Problem statement: Restate, word for word, the run of lines that starts at the line containing "Personalized Tiny Initial Necklace" and ends with the final line of the listing. Leave pictures out.

Given material:
((

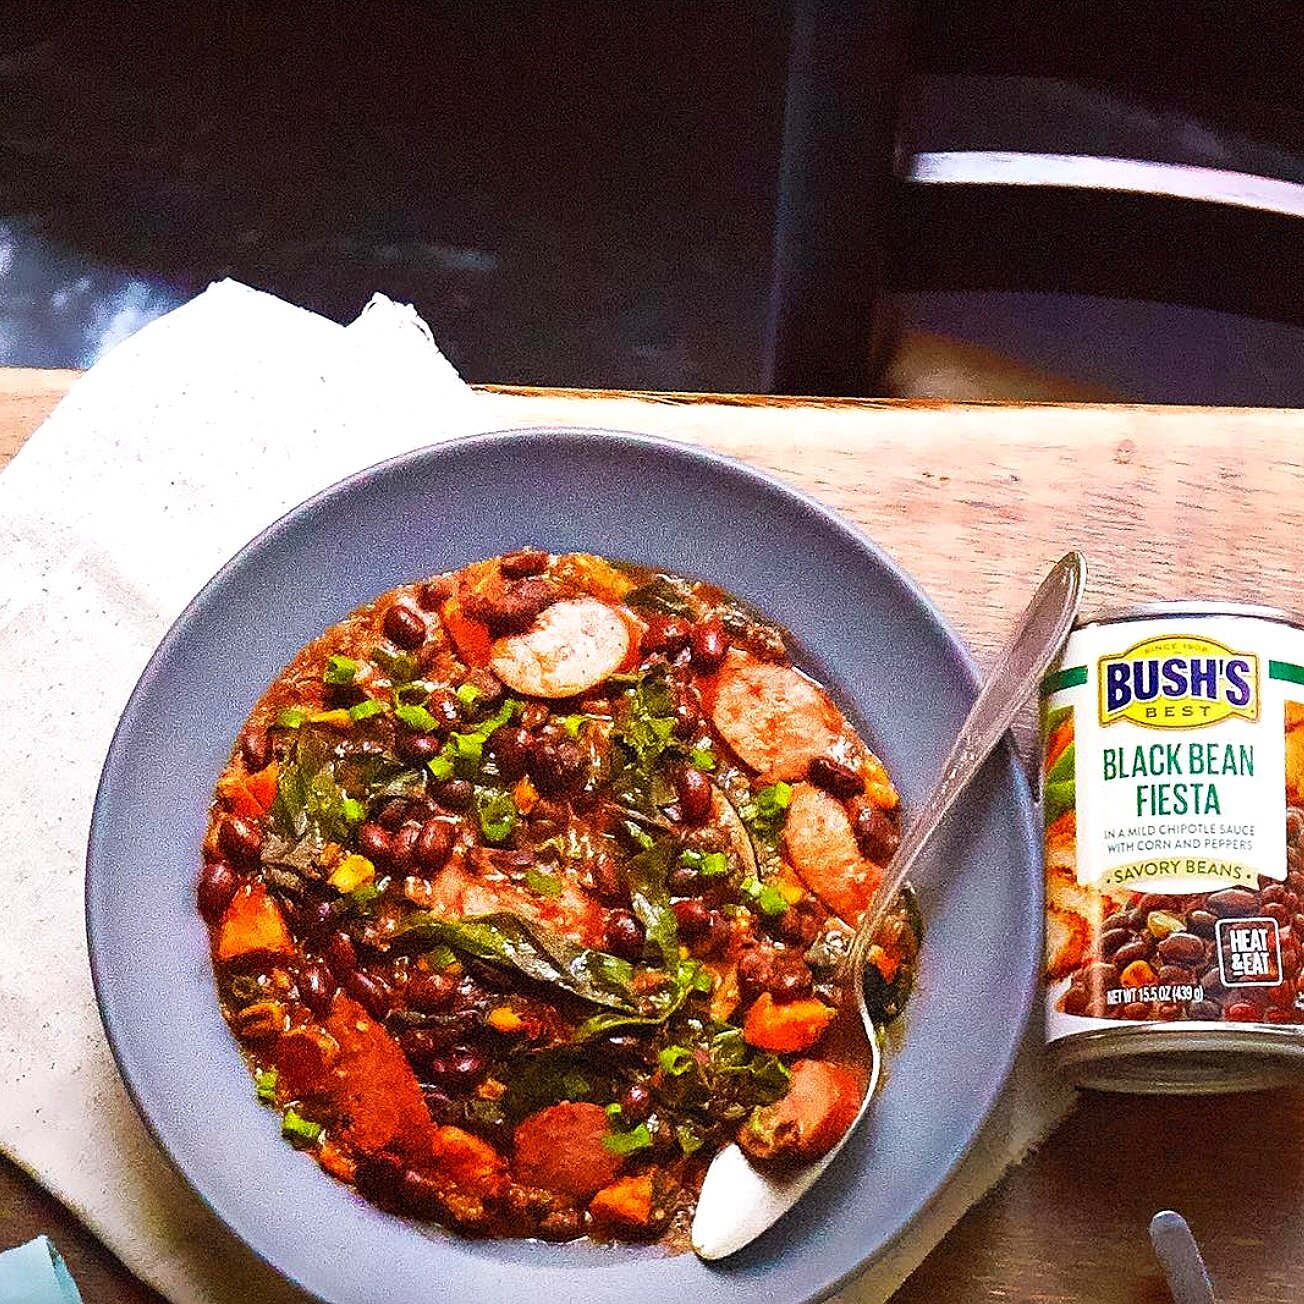 One can of black bean fiesta gives this stew complexity (but keeps your shopping list short). Recipe below.
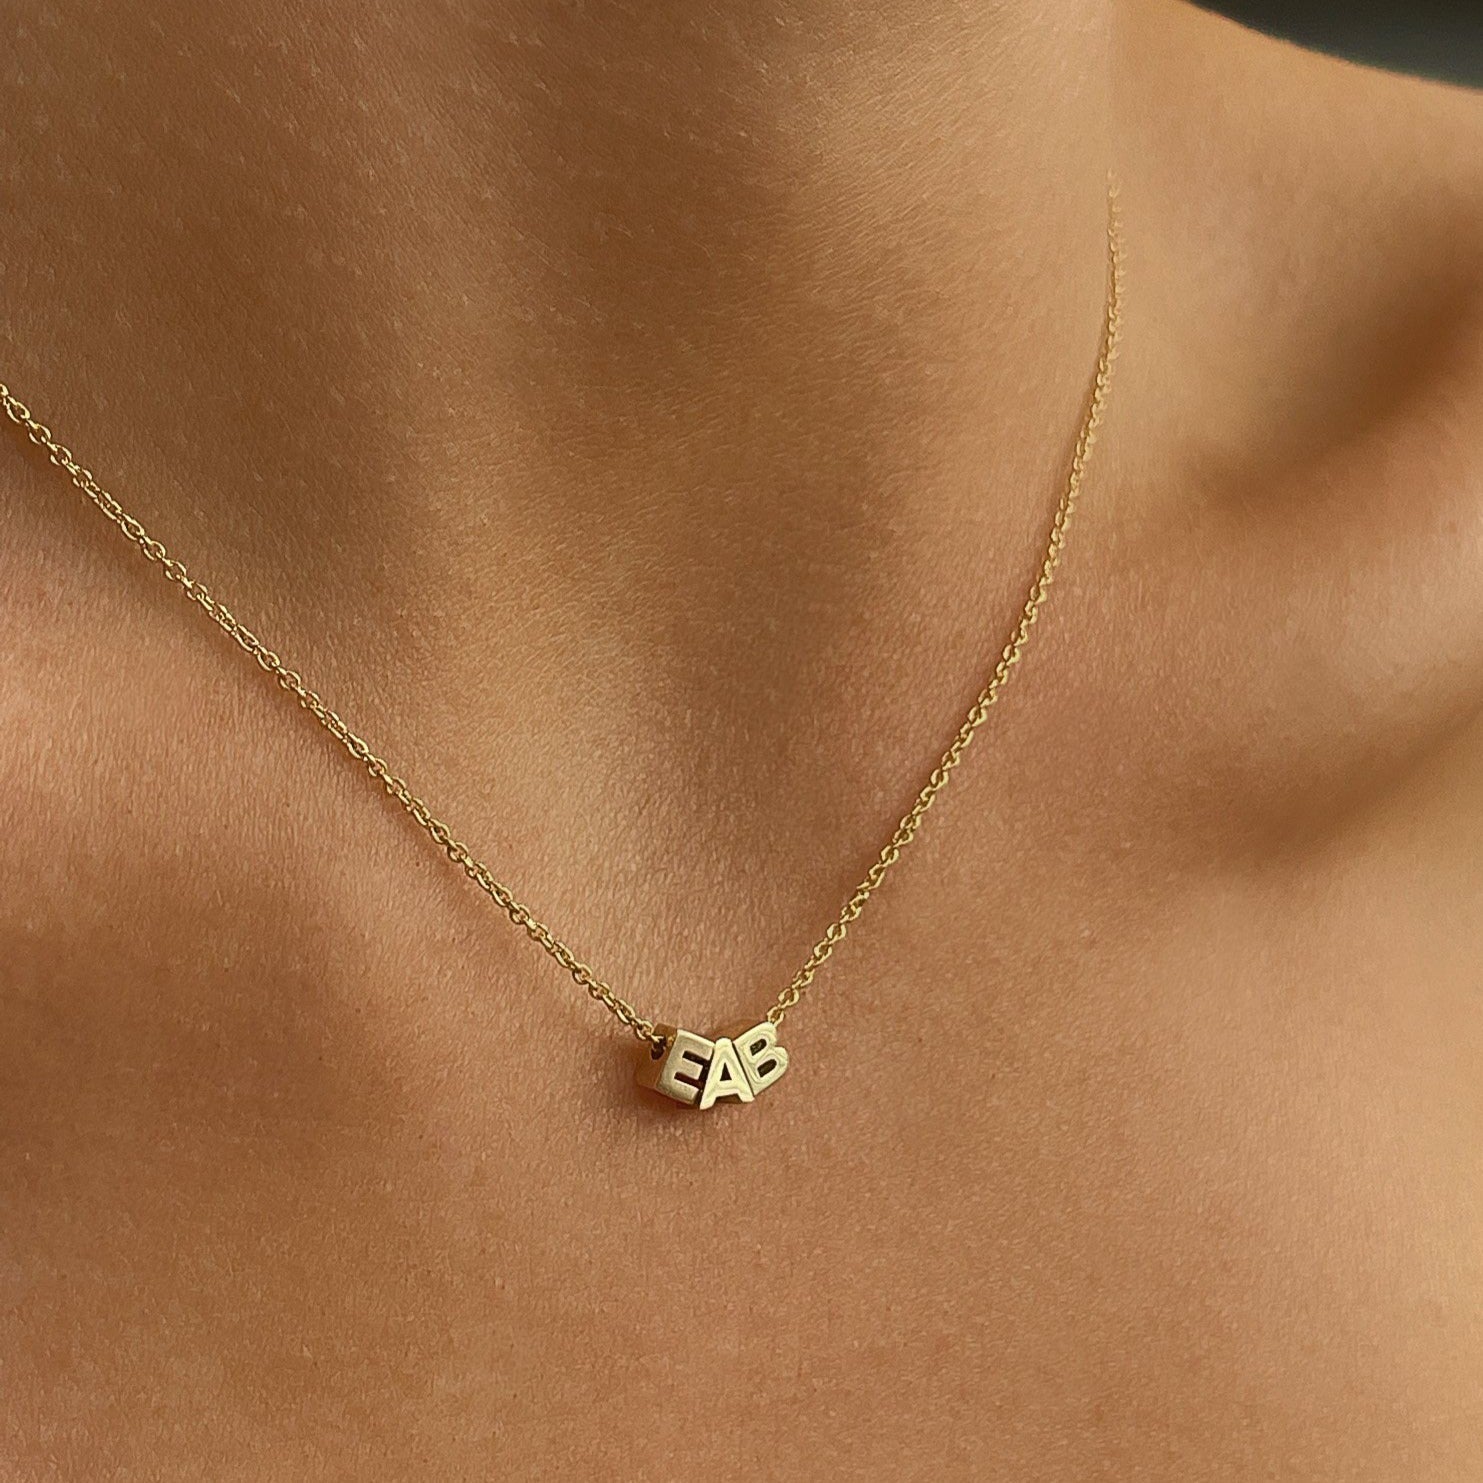 Personalized Tiny Initial Necklace
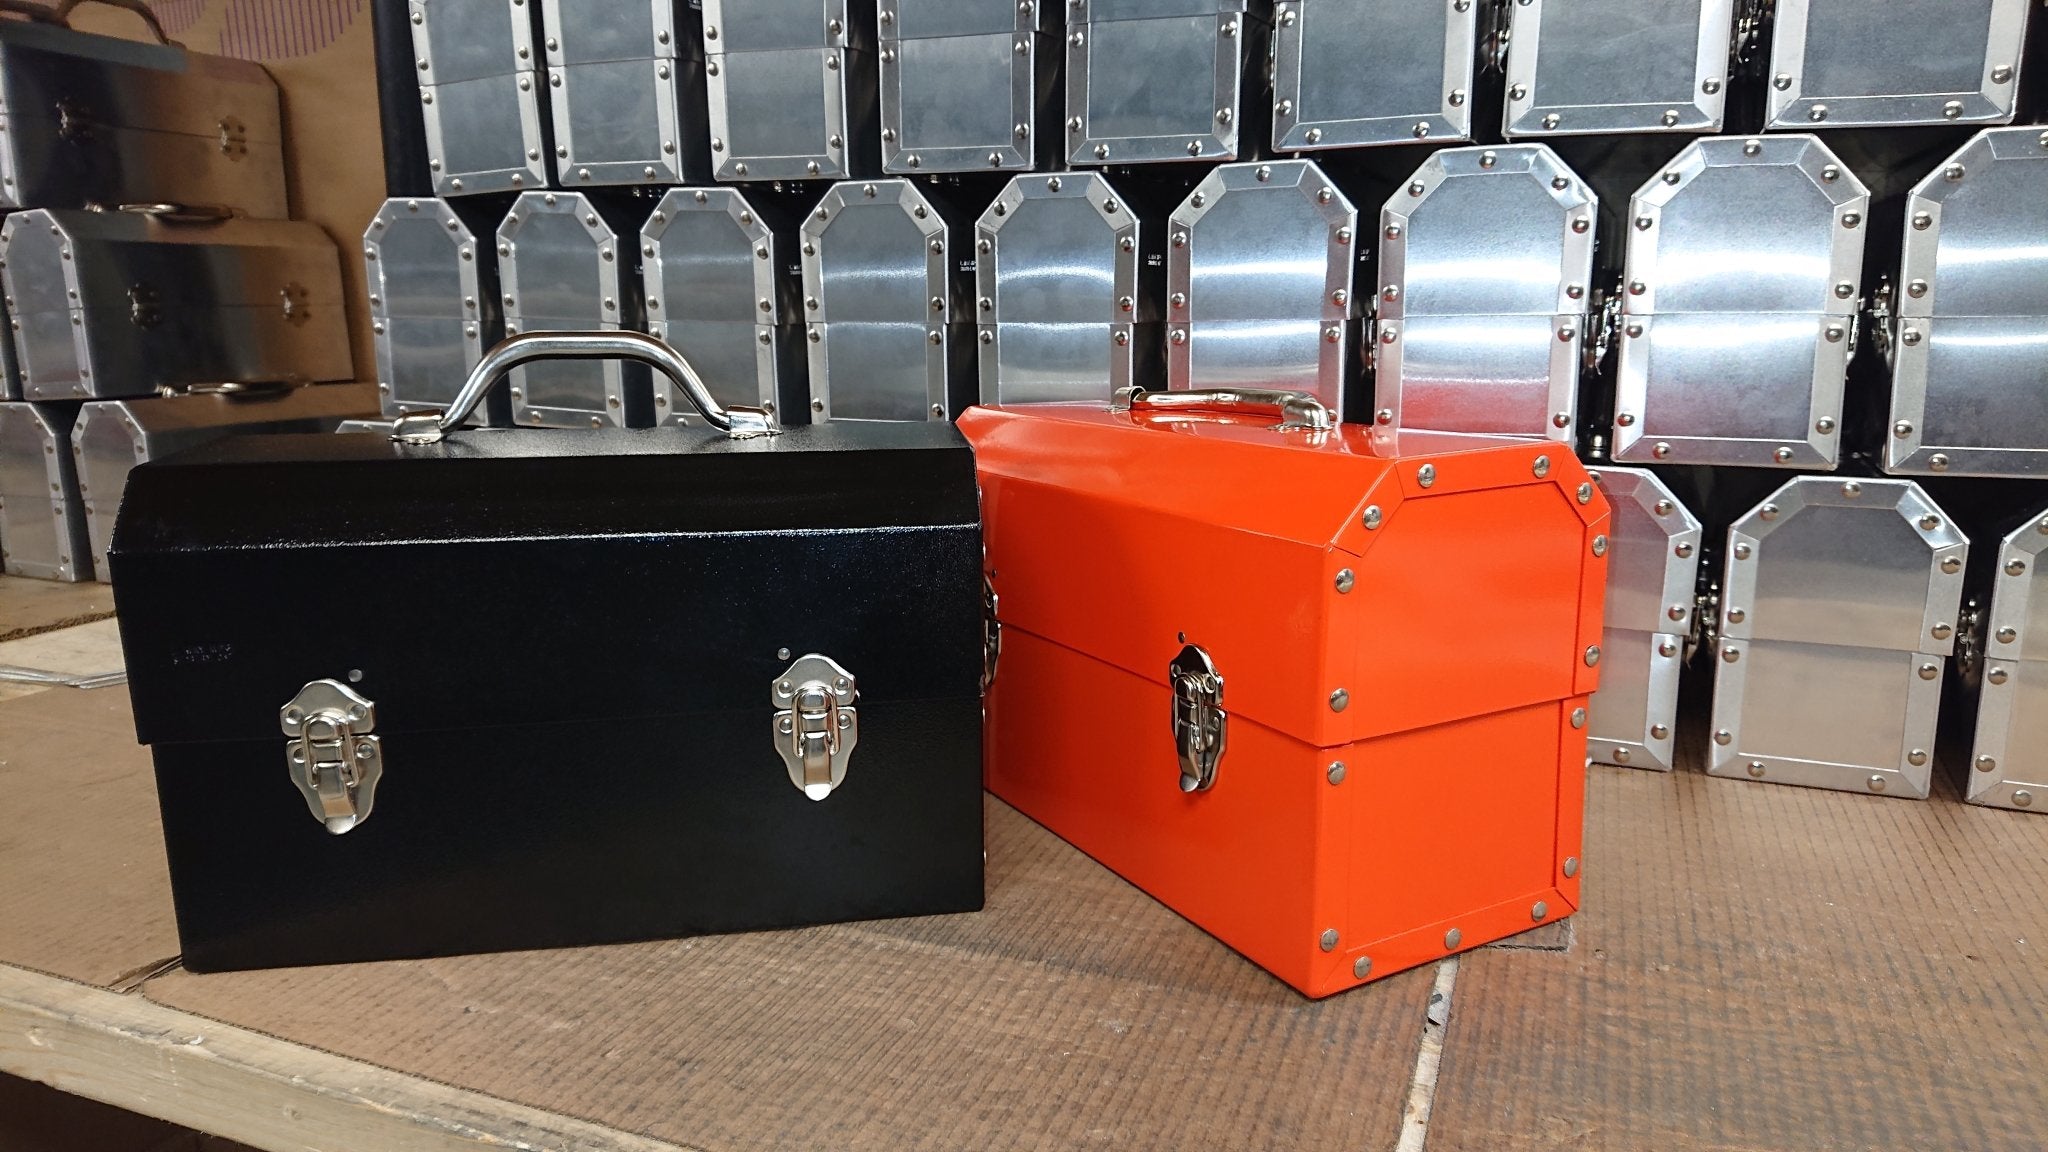 black hammered lunchbox with an orange safety metal lunchbox from L. May

))

Output for this task:
 Personalized Tiny Initial Necklace
 black hammered lunchbox with an orange safety metal lunchbox from L. May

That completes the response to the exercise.